Now, I am part of 2 kinds of clubs.  One kind of full term, infant loss and now pregnancy loss.  The process for this one, was very different from how we lost Lily.  Because this pregnancy was so incredibly early, things were...expedited...(if that makes any sense).  I will still receive a death certificate, there is no name on the certificate, but the "baby" will be interred in a catholic cemetery because the hospital I went to is a catholic hospital and they are required to do something with the remains.  Strange yes, but oddly comforting.

So friends, I was wrestling with if I should say anything here on my blog about this; I was thinking it might be too much, but then I remembered that one of my priorities in writing this is to be transparent about everything, and to stay grounded in honesty and courage.   Talking about loss (in any way), makes it less of a taboo for other moms and dads of loss; so I decided to tell everyone; if only so that it sends the message "you are NOT alone...at all, and it's okay to feel what you're feeling...your baby is not a taboo thing.  Your baby was your baby.  Bottom line."

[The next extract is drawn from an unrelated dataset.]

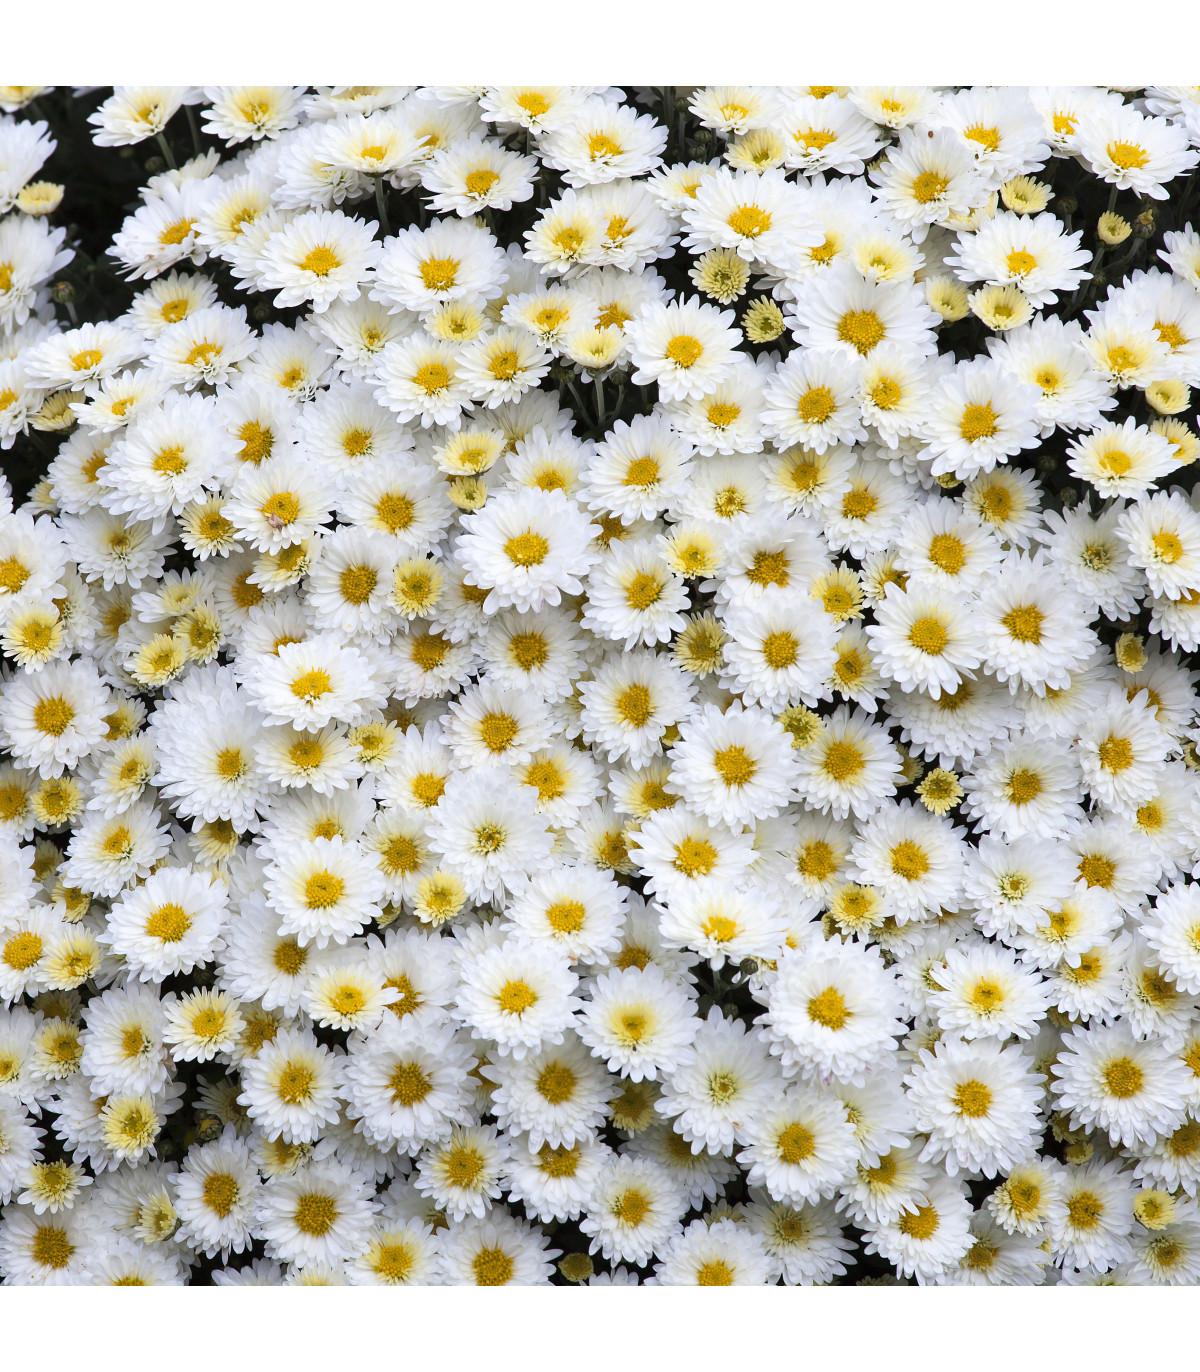 Margaréta biela Hviezda z Antverp - semená Margaréty - Chrysanthemum leucanthemum max.- 0,4 gr

I have an old friend that when I was in my early 20's had many heartbreaking miscarriages like this one, and I remember consoling her, and hugging her and listening; and I remember one day saying to her, "...you know, when you get to heaven you're just going to be surrounded by all of your babies, it's going to be such a wonderful greeting and such a wonderful all encompassing moment of love." How the hell did I know what I was talking about?  I was a child myself...but somehow those words today, make me feel comforted.   I also get to think about the fact that Lillian has her sibling with her now.

I don't have words to explain exactly how Jason and I are doing; as I think we're both sorting it all out ourselves.  I can't even say we're shellshocked...it's almost as if we're just numb.  There isn't a way to explain it, at least not right now.

"The good news is that you can get pregnant all on your own", is a phrase I've heard more times in the last two days than I can explain.  I know it's meant to console us; and I do really appreciate it, and I AM thankful for that ability, but right now, today, I can't really absorb that thought.  Today, I just feel beaten down.  Disappointed.

The group I'm part of didn't even know I was expecting again, (I only told 1 participant, as I knew she'd understand my trepidation in telling people because of her very unique story), and I was waiting for that 12 week milestone.  Hell, I was even contemplating not telling anyone until I couldn't hide it physically anymore.

I guess I have a lot to talk about in group next week.

So for those moms and dads out there that have experienced multiple loss; I see you, I feel you, I am sorry for your loss.  You are most certainly not alone and I send you all of my love and all of my support.  None of us are supposed to get through any of this by ourselves.  Keep talking about it, never be ashamed.  I stand with you.